Some other French character showed his butt in the bar. This was captured on camera but not by me. It’s part of the bizarre and eccentric regime in the bar we foreign volunteers have come to call home. We’re all nutters together, as we commonly agreed. But we are friends, and we trust one-another, and these are the most important things. We have to respect and trust different people from different backgrounds, as people acting in the common cause: to keep Ukraine independent and free. We are ideologues, each and every one of us, and I am proud of that.

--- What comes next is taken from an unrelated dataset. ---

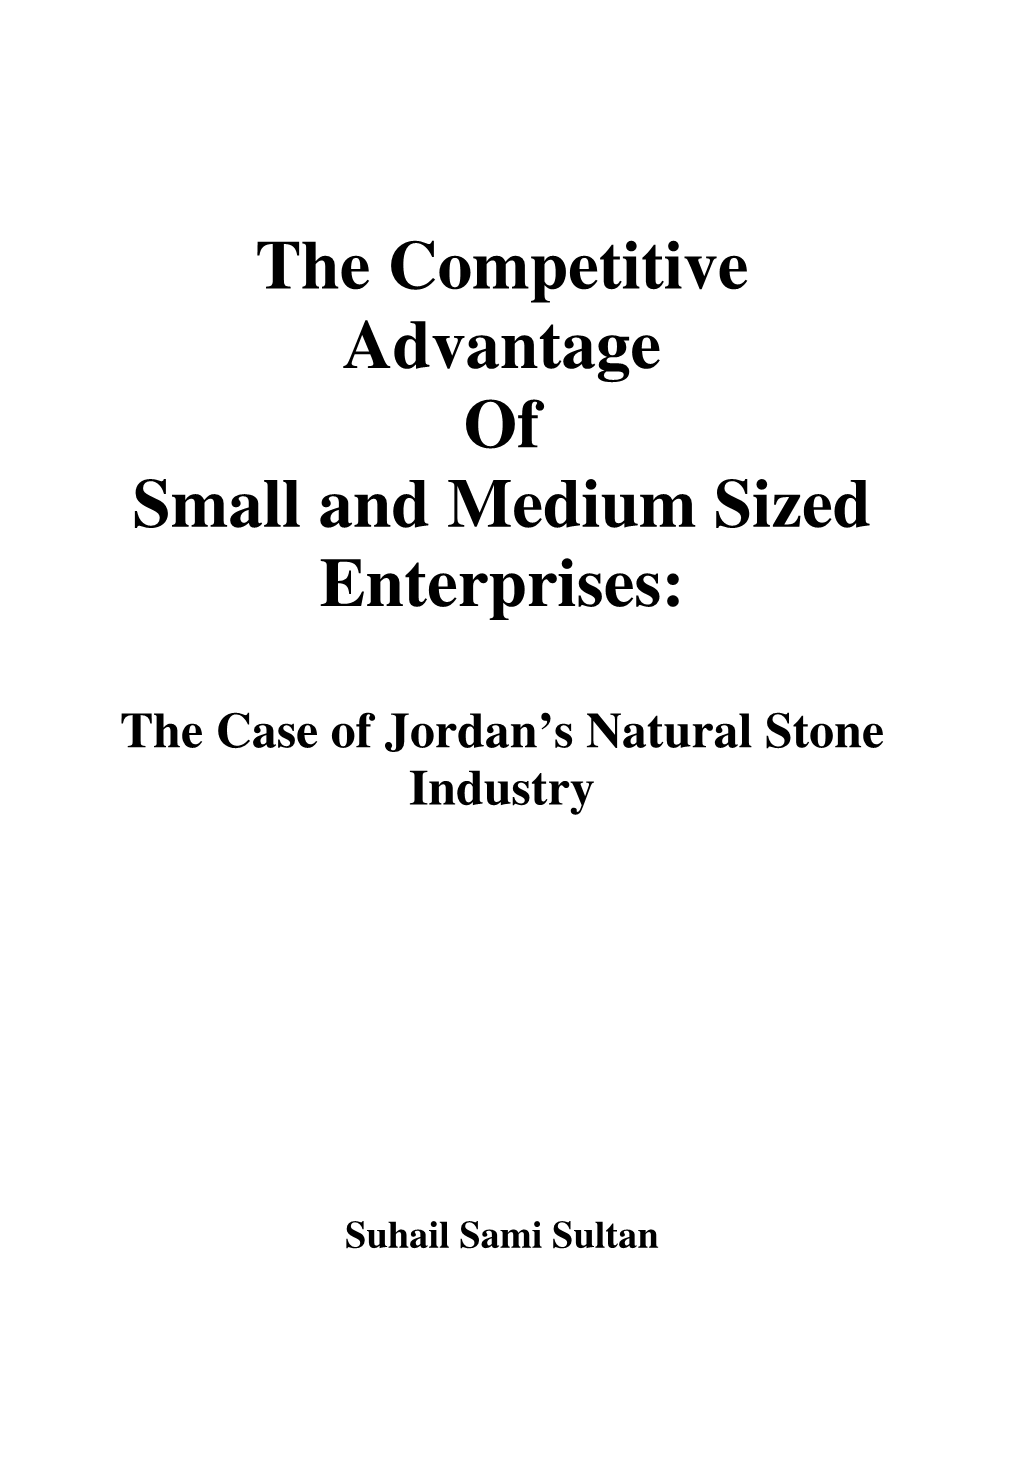 The Competitive Advantage of Small and Medium Sized Enterprises

What sort of person are you? Are you in this for the long haul? Are you dependent upon the whims of national governments, or are you really determined to keep the Ukrainians independent and free? Can you keep sense together, no matter how much you drink? My new female friend from Mariupol was stinking drunk, dripping and drooling all over me; yet she was a woman of force and fierce independence, trying her best to convey in her broken English the moral veracity of her cause. And she persuaded me.


Some dumb-assed fool approached me and asked me why am I here, in Ukraine, supporting the Ukrainian people, what’s in it for me. The answer is: nothing. There’s nothing in it for me. I’m in it because I truly believe that Ukraine, this historically suppressed nation state vandalised by Russian imperialism, ought in the first quarter of the twenty-first century to have another opportunity, so miserably deprived of it in the past, to be free once again. Ukraine should become a free member state of the European community of nations, and she is going to achieve that and she will do this with the full support and arsenals of NATO member states led with the moral superiority and blunt military and economic force of the American military-industrial complex. And then we will win, and Russia will back down, and Europe will once again be independent and free.